Question

An iron rod of length $2 \,m$ and area of cross-section $50\,mm^{2}$ stretches by $0.5\,mm$ , when a mass of $250\, kg$ is hung from its lower end. The Young's of iron rod is:

• A. $19.6\times {{10}^{20}}\,N/{{m}^{2}}$
• B. $19.6\times {{10}^{18}}\,N/{{m}^{2}}$
• C. $19.6\times {{10}^{15}}\,N/{{m}^{2}}$
• D. $19.6\times {{10}^{10}}\,N/{{m}^{2}}$

Answer 1

Answer: (D)

$19.6\times {{10}^{10}}\,N/{{m}^{2}}$

Answer 2

When strain is small, the ratio of the longitudinal stress to the corresponding longitudinal strain is called the Young's moduls of the material of the body.
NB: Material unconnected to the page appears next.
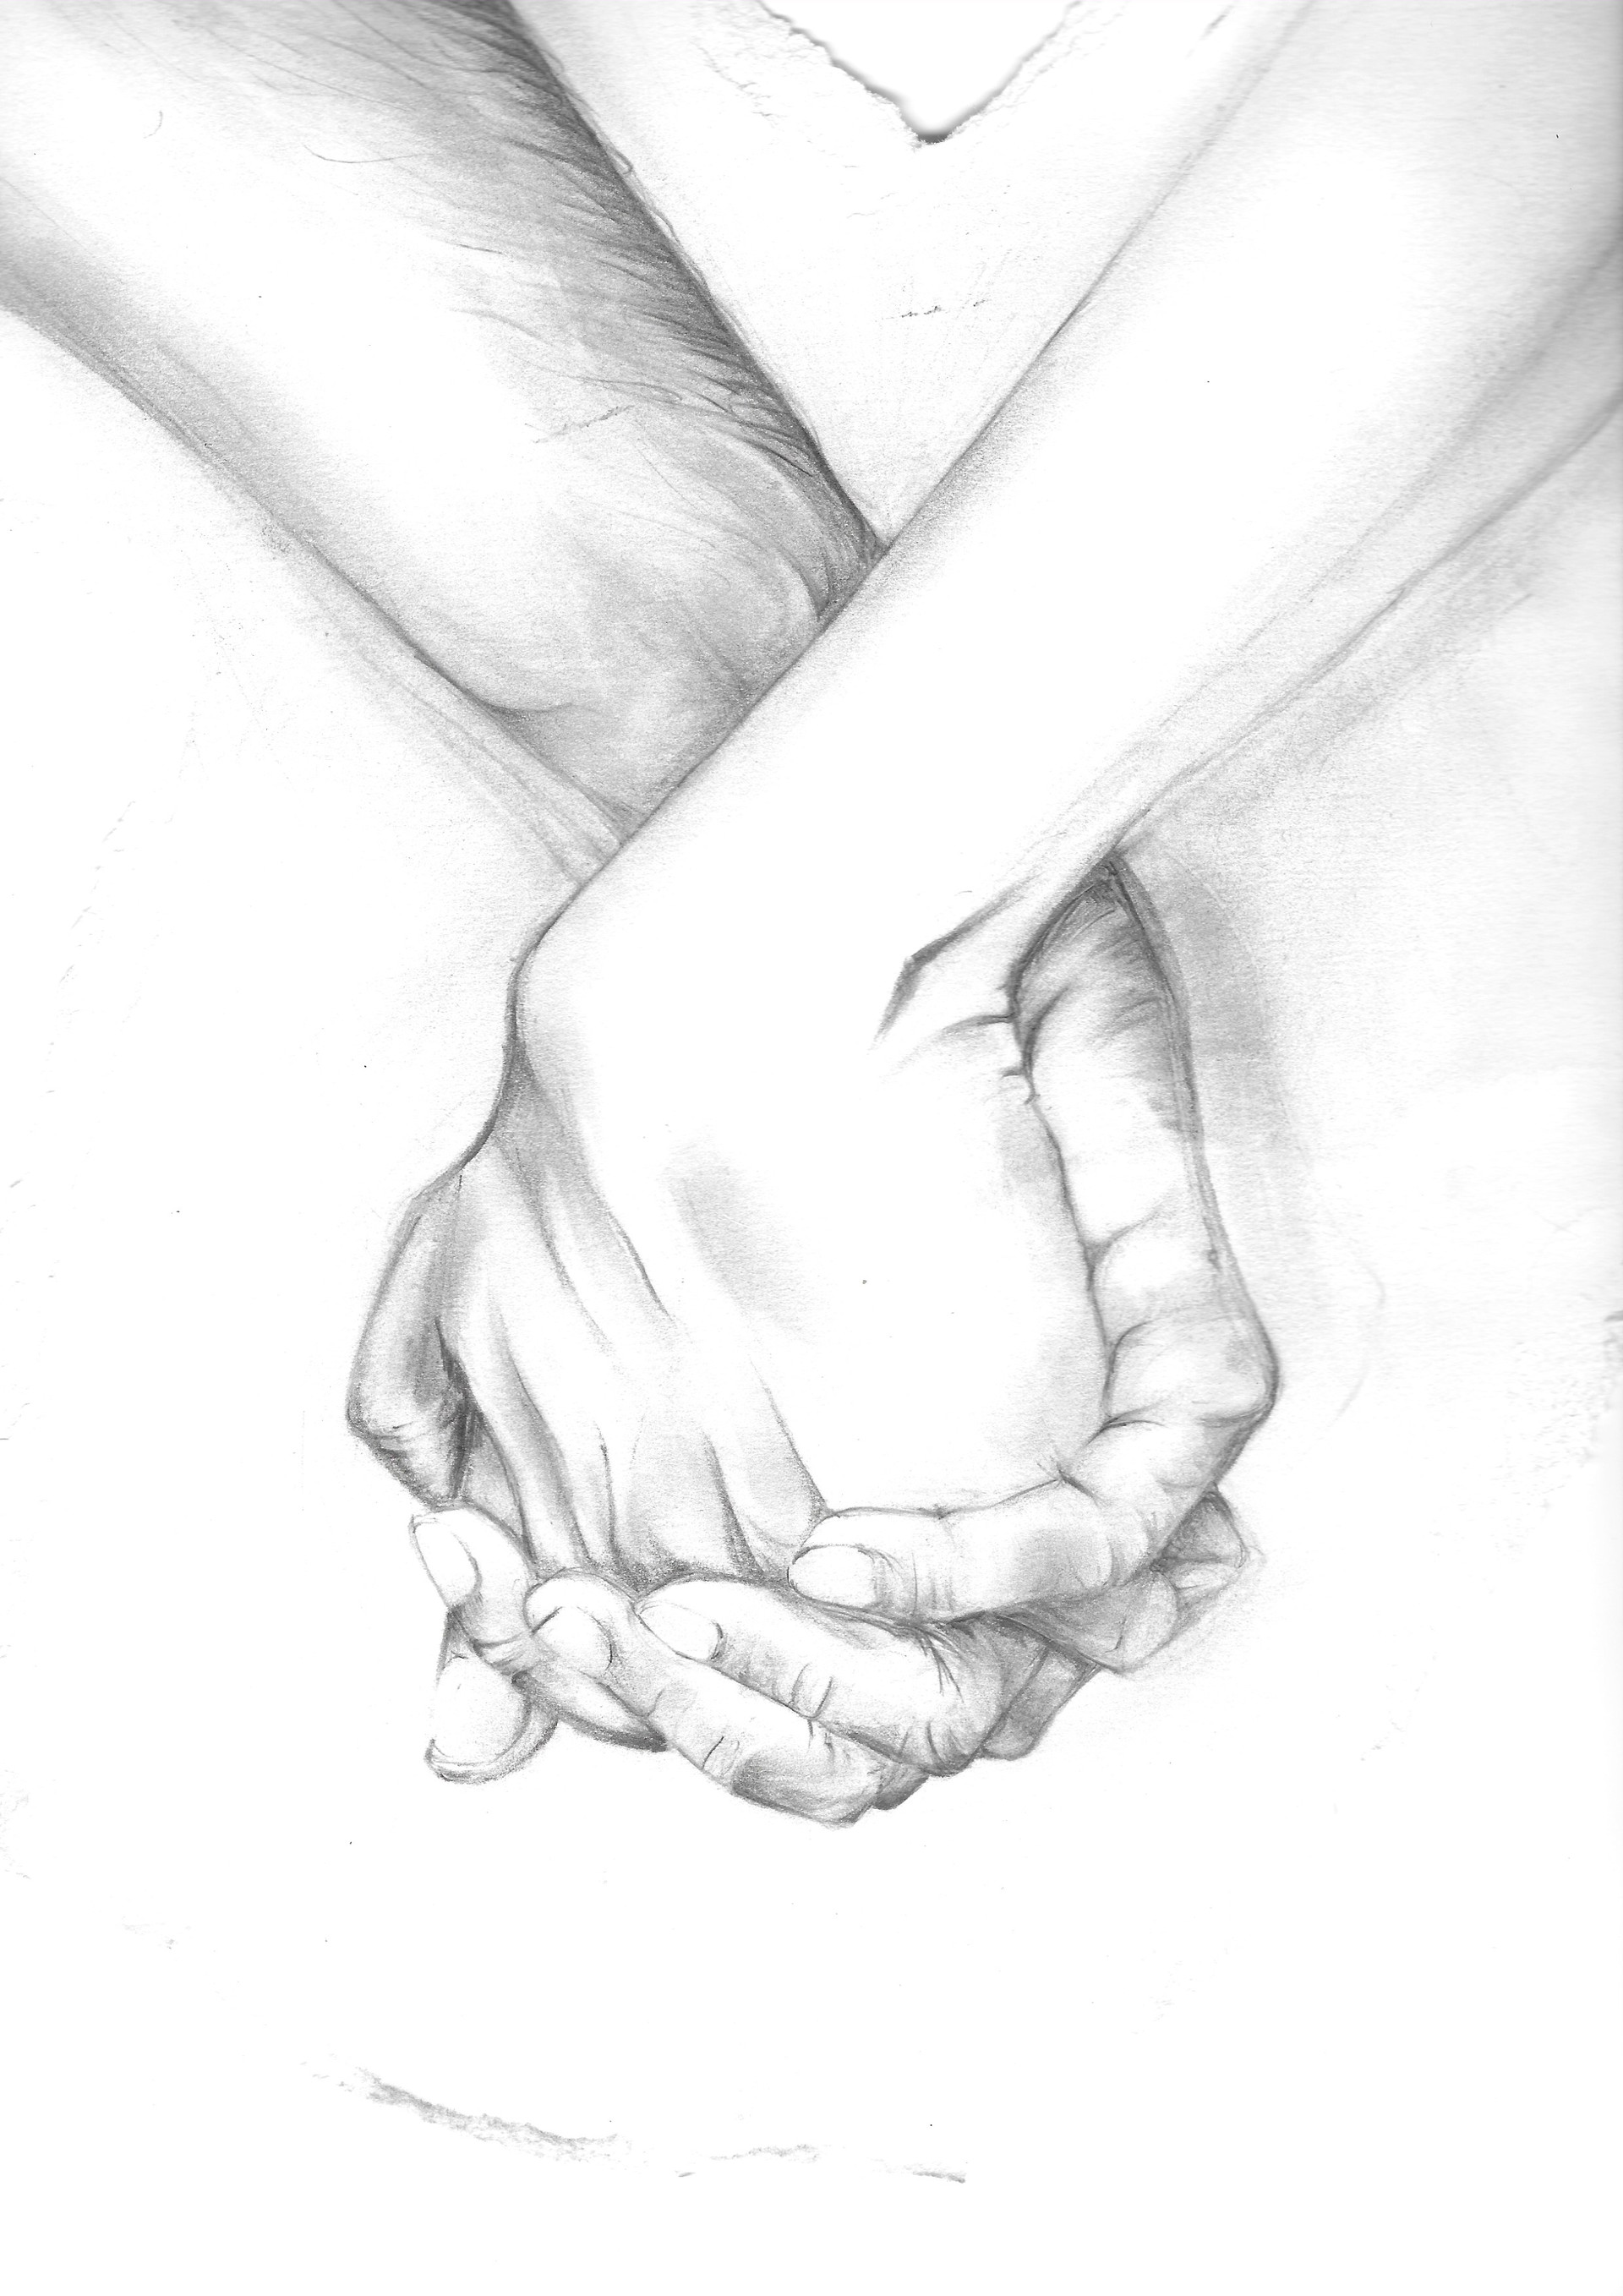 Romantic Couple, Sketch Art Love Illustration, Love Sketch, Couple In Love  Hand Drawn Sketch #1 Poster by Mounir Khalfouf - Pixels Merch, romantic  drawings 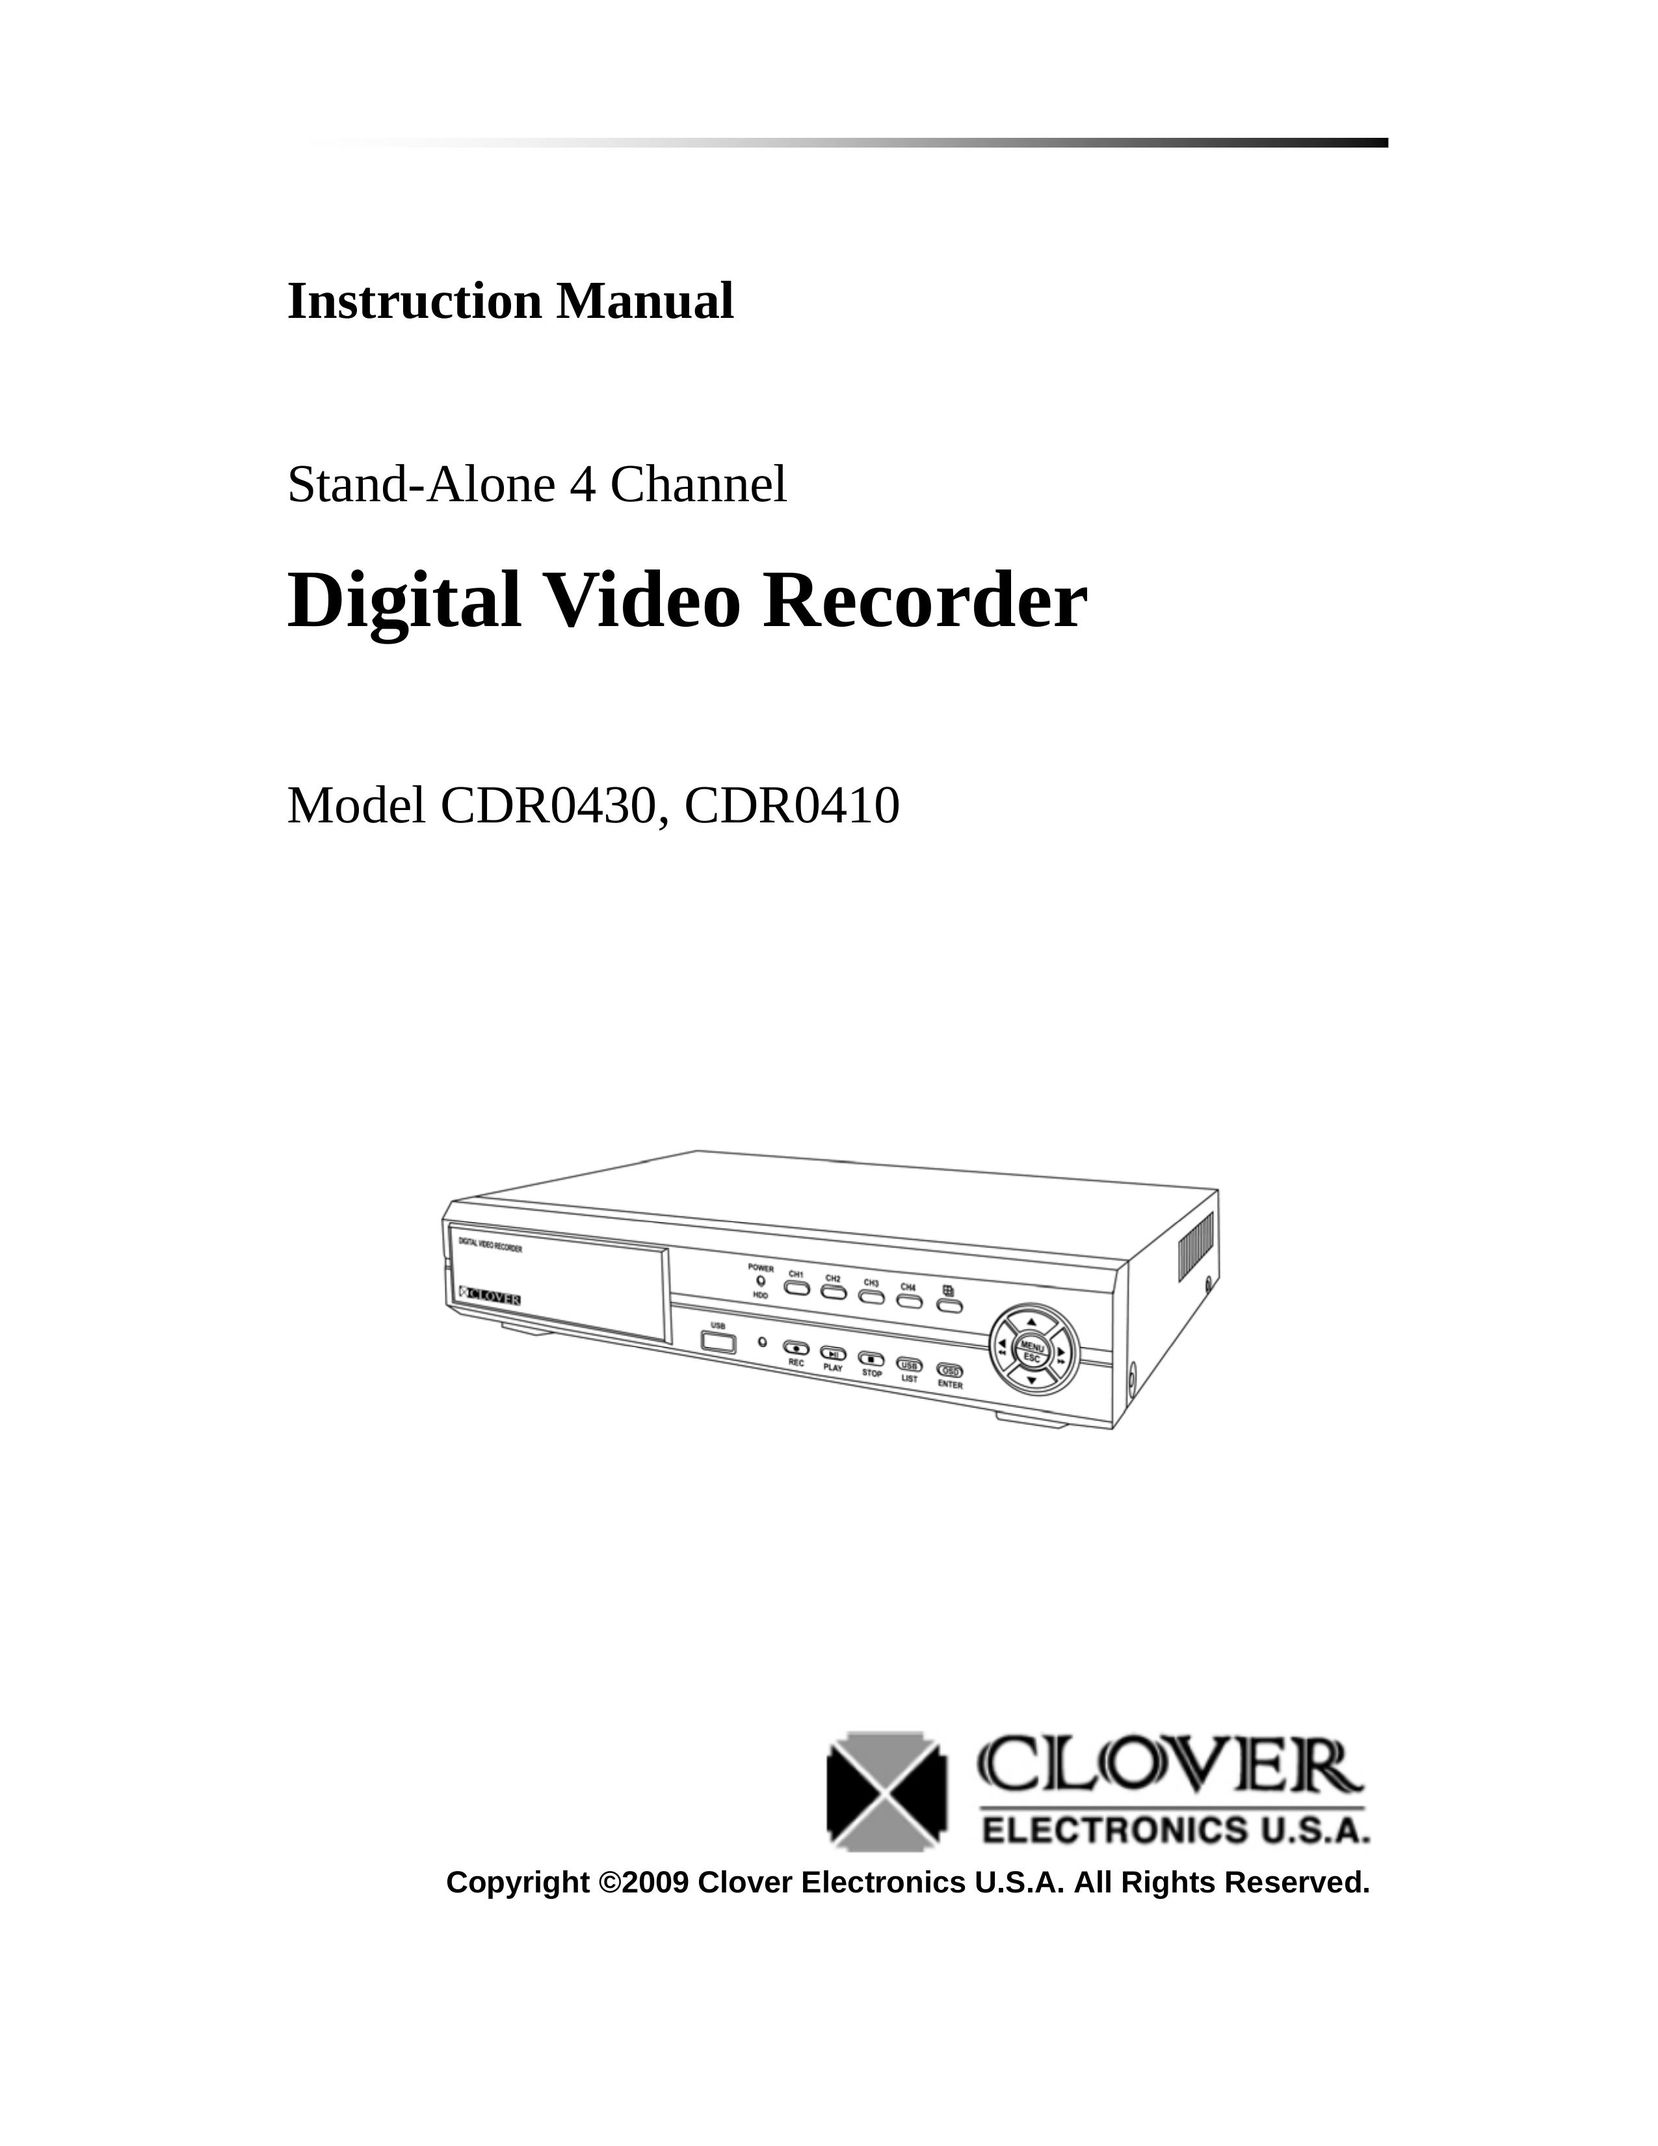 Clover Electronics CDR0410 DVR User Manual

$Y =\frac{\text { longitudinal stress }}{\text { longitudinal strain }}$
$=\frac{F / A}{l / L}$
Given, $=2\, m ,$
$A=50 \,mm ^{2}$
$=50 \times 10^{-6} m ^{2}$
$l=0.5 \,mm$
$=0.5 \times 10^{-3}\, m ,$
$m=250 \,kg$
$g=9.8\, m / s ^{2}$
$Y=\frac{250 \times 9.8}{50 \times 10^{-6}} \times \frac{2}{0.5 \times 10^{-3}}$
$Y=19.6 \times 10^{10}\, N / m ^{2}$
Note : Young's modulus can be determined only for solids and it is the characteristic of the material of a solid.